This invention relates generally to turbine engines, and, more particularly, to cooling systems for turbine engines.
A gas turbine engine typically includes a multi-stage axial or centrifugal compressor, a combustor, and a turbine. Airflow entering the compressor is compressed and directed to the combustor where it is mixed with fuel and ignited, producing hot combustion gases used to drive the turbine. As a result of the hot combustion gases entering the turbine, compressor air may be channeled through a turbine cooling circuit and used to cool the turbine.
Compressor bleed may be extracted through a cooling system and used as a source of cooling air for the turbine cooling circuit. However, extracting large amounts of cooling air from the compressor may affect overall gas turbine engine performance. To minimize a reduction in engine performance, the cooling system may use fuel flowing through a heat exchanger to absorb heat from the compressor bleed air, but the use of fuel as a heat sink causes potential fire safety and fuel deposit problems. As hot compressor bleed air passes through the heat exchanger, fuel flow absorbs heat from the compressor bleed air.

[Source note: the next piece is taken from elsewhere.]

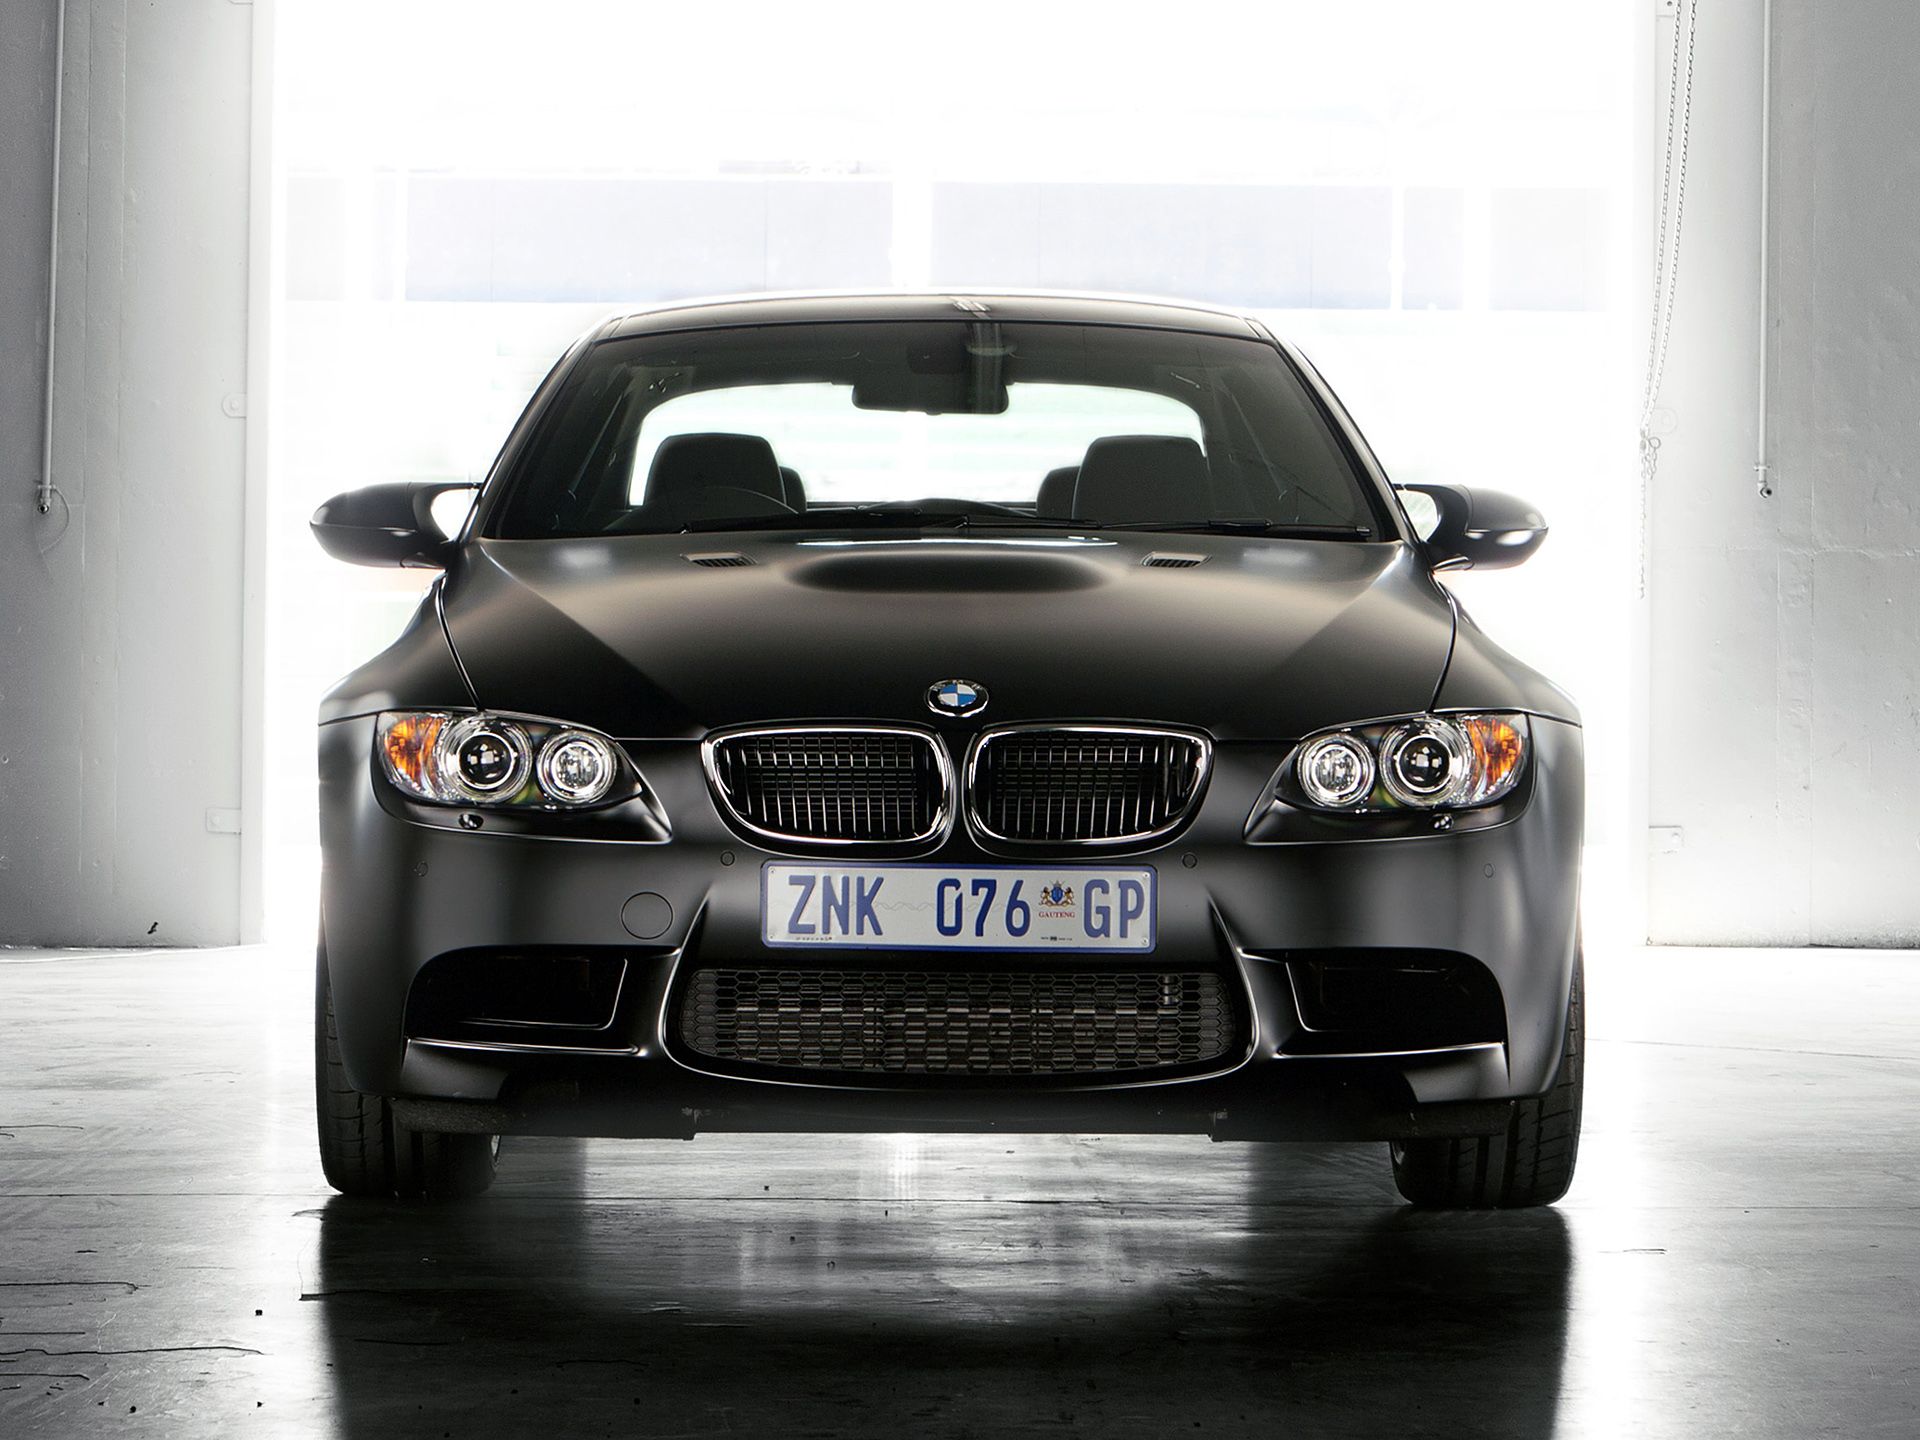 2013-BMW-M3-Frozen-Edition-003-1440

However, as fuel is heated, often carbon, gum, and coke deposits form within tubing used to transport fuel through the heat exchanger. Over time, such deposit agglomeration blocks individual tube passages causing an increase in cooling air temperature. Because of the increased cooling air temperature, less heat is absorbed from compressor bleed air and turbine components receiving compressor bleed air are cooled ineffectively. As a result, such components are subjected to increased low cycle fatigue, LCF, stresses and increased thermal stresses. Furthermore, because turbine components are cooled less effectively, overall engine performance, life, and reliability decreases.
In an exemplary embodiment, a selectively operable cooling system reduces fuel gum deposits within the cooling system to a gas turbine engine when the gas turbine engine is operated above a predefined percentage of engine rated power. The cooling system includes a recirculating loop including a plurality of heat exchangers in fluid communication with the recirculating loop. A first heat exchanger is an air-fluid heat exchanger that uses heat transfer fluid to cool cooling air supplied to the gas turbine engine. A second heat exchanger is a fluid-fuel heat exchanger that uses combustor main fuel flow to cool the heat transfer fluid circulating in the recirculating loop.
During gas turbine engine operation above a predefined percentage of engine rated power, the cooling system is placed in operation when sufficient deposit dissipation forces are available within the second heat exchanger. Fuel passing through the second heat exchanger flows through fuel paths to facilitate heat transfer from the heat transfer fluid to the fuel. As a result of the flow through the fuel paths, the fuel flow develops high fluid turbulent forces and fluid shear forces. Such fluid forces reduce fuel deposits within the second heat exchanger.